But this website is not even asking for identifying information.. yes it could figure things out, but as privacy conscious HN readers we have VPNs and such right? =p

k_ · on Jan 4, 2022

Just need a facebook pixel or a google font? Some company (already known for dark practices) could hide behind a "random website" to get more data. /conspiracy

14 · on Jan 4, 2022

And if they are using other techniques like browser fingerprinting or other techniques big tech uses to de-anonymize users then suddenly they have something to tie your voice to. Maybe the risk is low but I prefer to error on the side of caution.

imapeopleperson · on Jan 3, 2022

This is a perfect example of when the law shouldn’t be so far behind the tech.

creato · on Jan 3, 2022

Exactly which part of this do you think should be illegal?

shanlalit · on Jan 4, 2022

Tomorrow a paid tool or a costly hidden company will allow anyone to get statement in your voice (based on sample). How you are going to proof, that it is not you?

Fake calls to your relatives in your voice or even fake video with your face and voice asking for money! or illegal activities.

Few years later a company will come and say we can detect if it's fake or not pay $10,000 for solution, or get ready to be in prison. Oops! legal system doesn't accept this as a proof, now what? Welcome to the prison.

Both companies are making money, and you are paying by money and your life.

asiachick · on Jan 4, 2022

What's your suggested solution?

I can see the government banning using voice as a password. I can't see it banning the tech. The criminals will use the tech regardless of if it's banned. Looks like we'll need person to person authentication for our relatives soon.

creato · on Jan 4, 2022

> How you are going to proof, that it is not you?

If technology like this is plausible, then the recording shouldn't be considered a statement by me in the first place.

People are just going to have to learn not to trust audio. People adapted to photoshop, they'll adapt to this.

ajuc · on Jan 4, 2022

it's possible to forge paper signatures since forever yet it's still used

taneq · on Jan 4, 2022

Yeah but history has shown that people do not, in fact, so that.

ehnto · on Jan 4, 2022

It doesn't have to be illegal but I think some defensive regulation here is smart. Things people are concerned about may already be illegal. Imitation, identity theft, slander and so on. Think about the new layer it adds to domestic disputes and criminal investigations.

Perhaps a solution is a sound fingerprint requirement for voice imitation software so that it's easily identifiable in court if it's an imitation voice.

It's somewhat of a new frontier, imagine during a divorce proceeding your ex-partner fabricates voice recordings of you threatening the kids so you don't get custody, how do you protect yourself against that, how to you prove that's what happened? Soon enough it'll just be an app on their phone that they use to record your voice during a discussion, then later spits out a sound file of you saying whatever they want you to say.
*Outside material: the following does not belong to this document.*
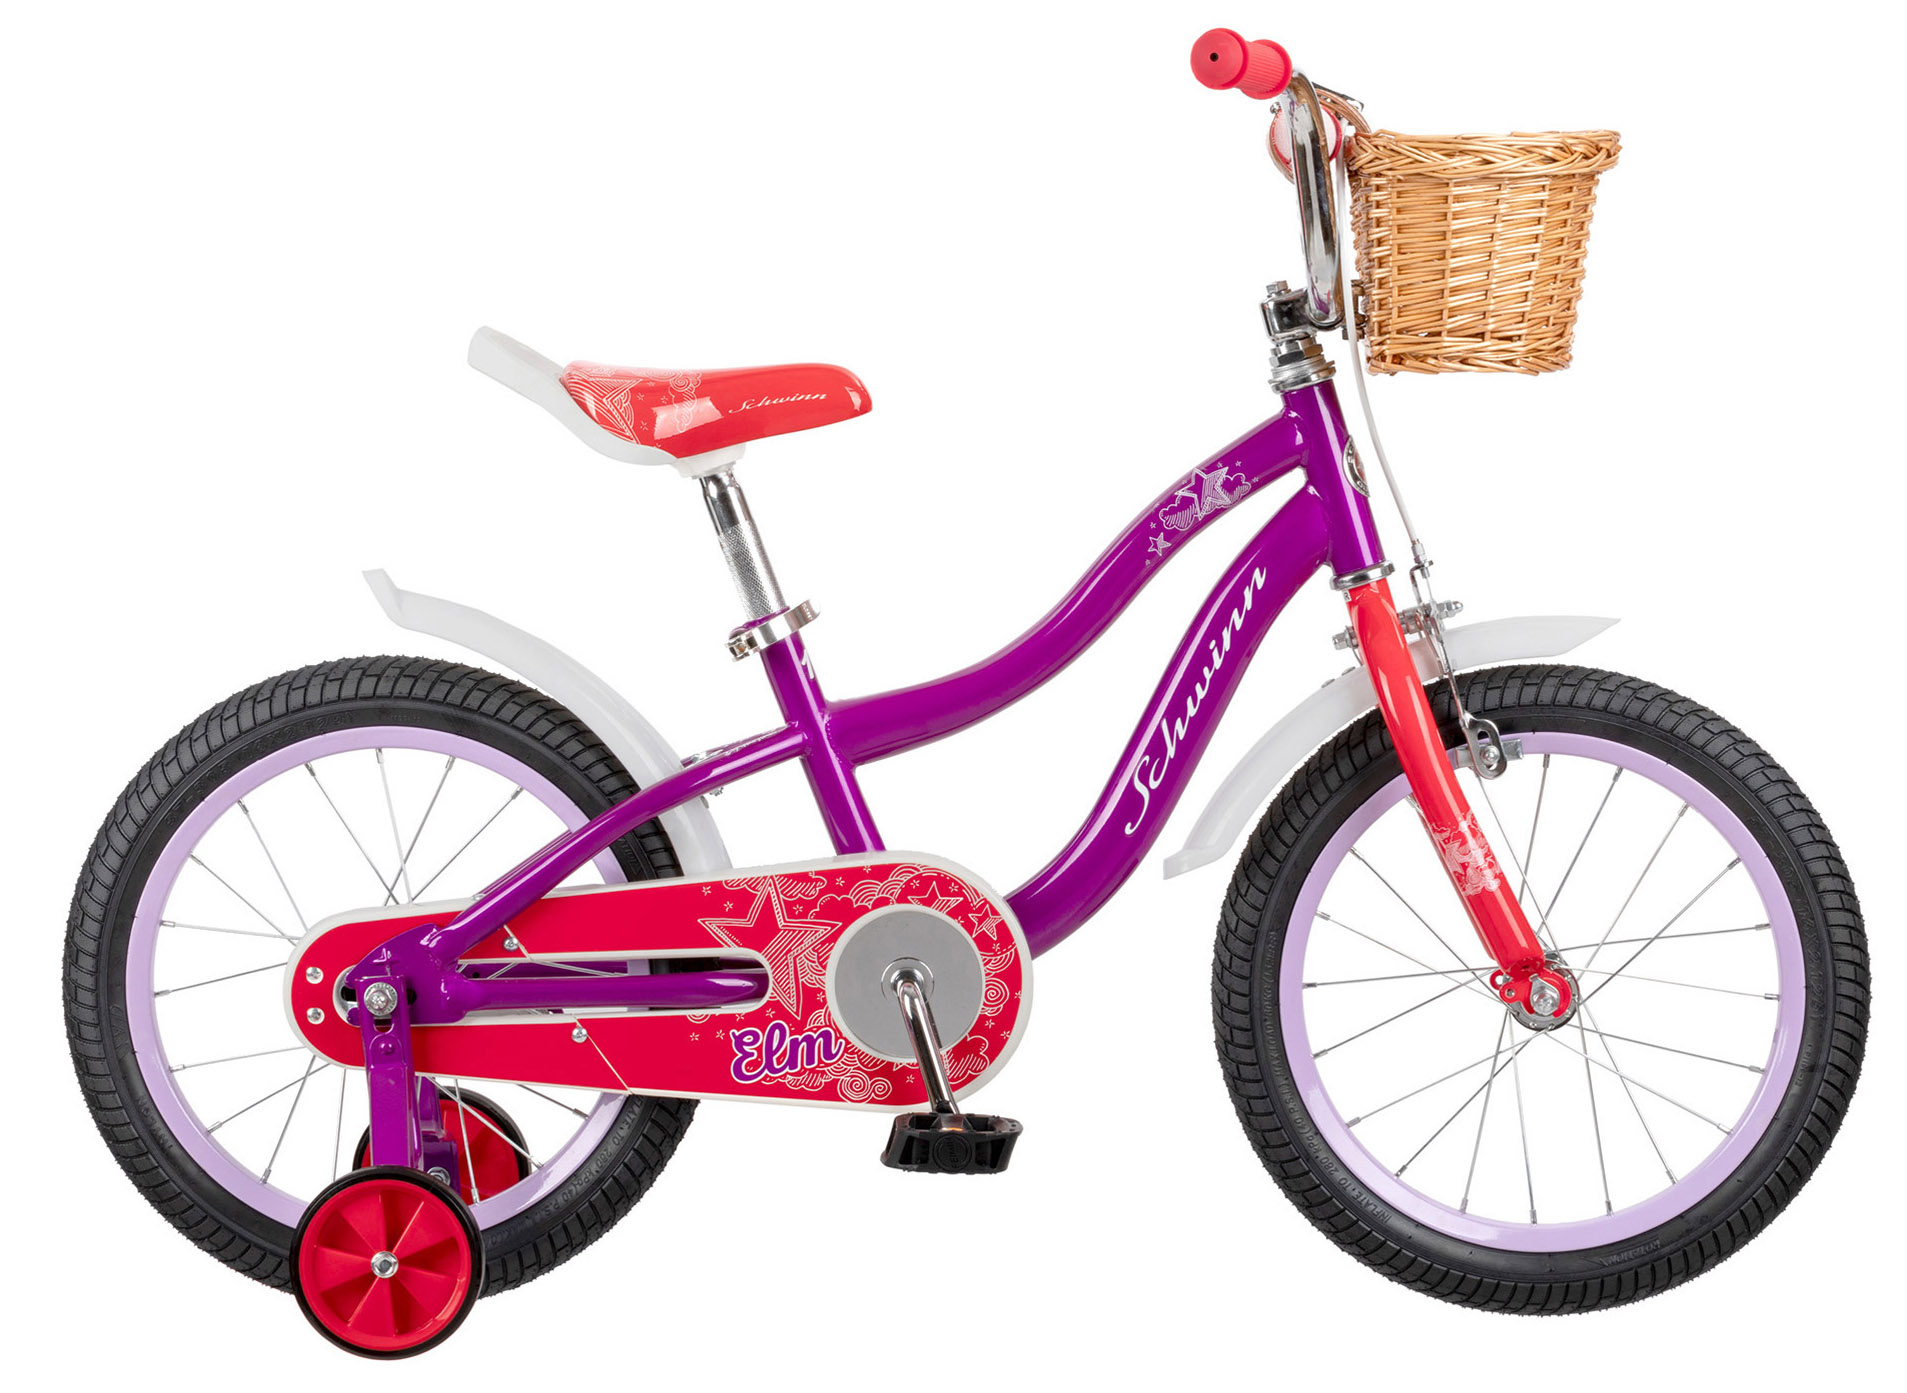  Отзывы о Детском велосипеде Schwinn Elm 16 2020

That's clearly a socially dangerous tool.

xiii1408 · on Jan 4, 2022

Pretty interesting! I tried this both English -> French and French -> English.

English -> French seemed to work best, with the AI output have a very similar timbre to my real voice. Not hyperrealistic for me, but decent enough given I gave it a ~20s sample.
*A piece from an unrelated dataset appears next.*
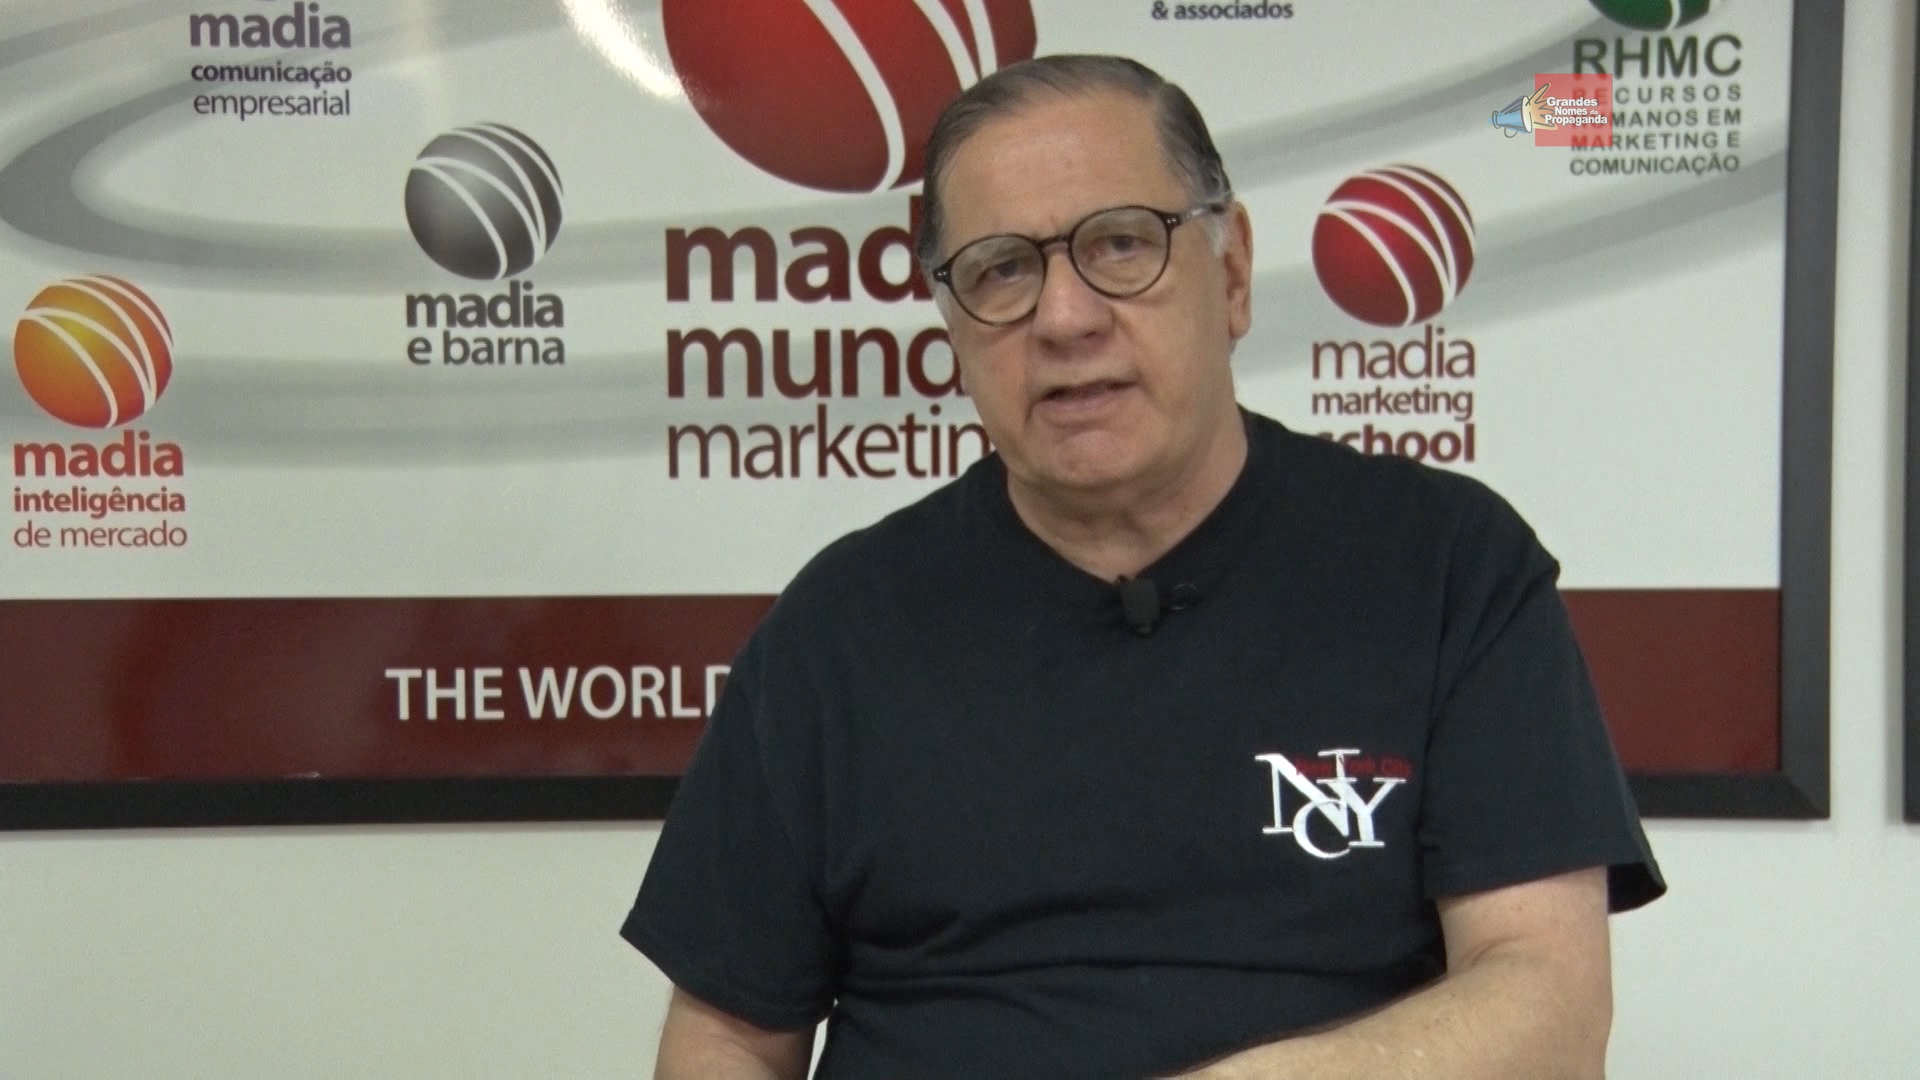 Confira o quadro MKT, Now com Francisco Madia de Souza

French -> English was less good in terms of the timbre and pitch of the voice---way higher than my real voice. It did have a bit of a Canadian accent, though, which is funny because I speak French with a Quebec accent. Maybe that's what I would sound like if I had a Canadian accent in English?

mod50ack · on Jan 4, 2022

Funnily, I (native American English speaker who learned French in QC, and whose accent in French indicates this) tried it both ways. I think the accent is basically built in both ways, which makes sense, although it would be more interesting if it based your accent in the output off the phonology in the input.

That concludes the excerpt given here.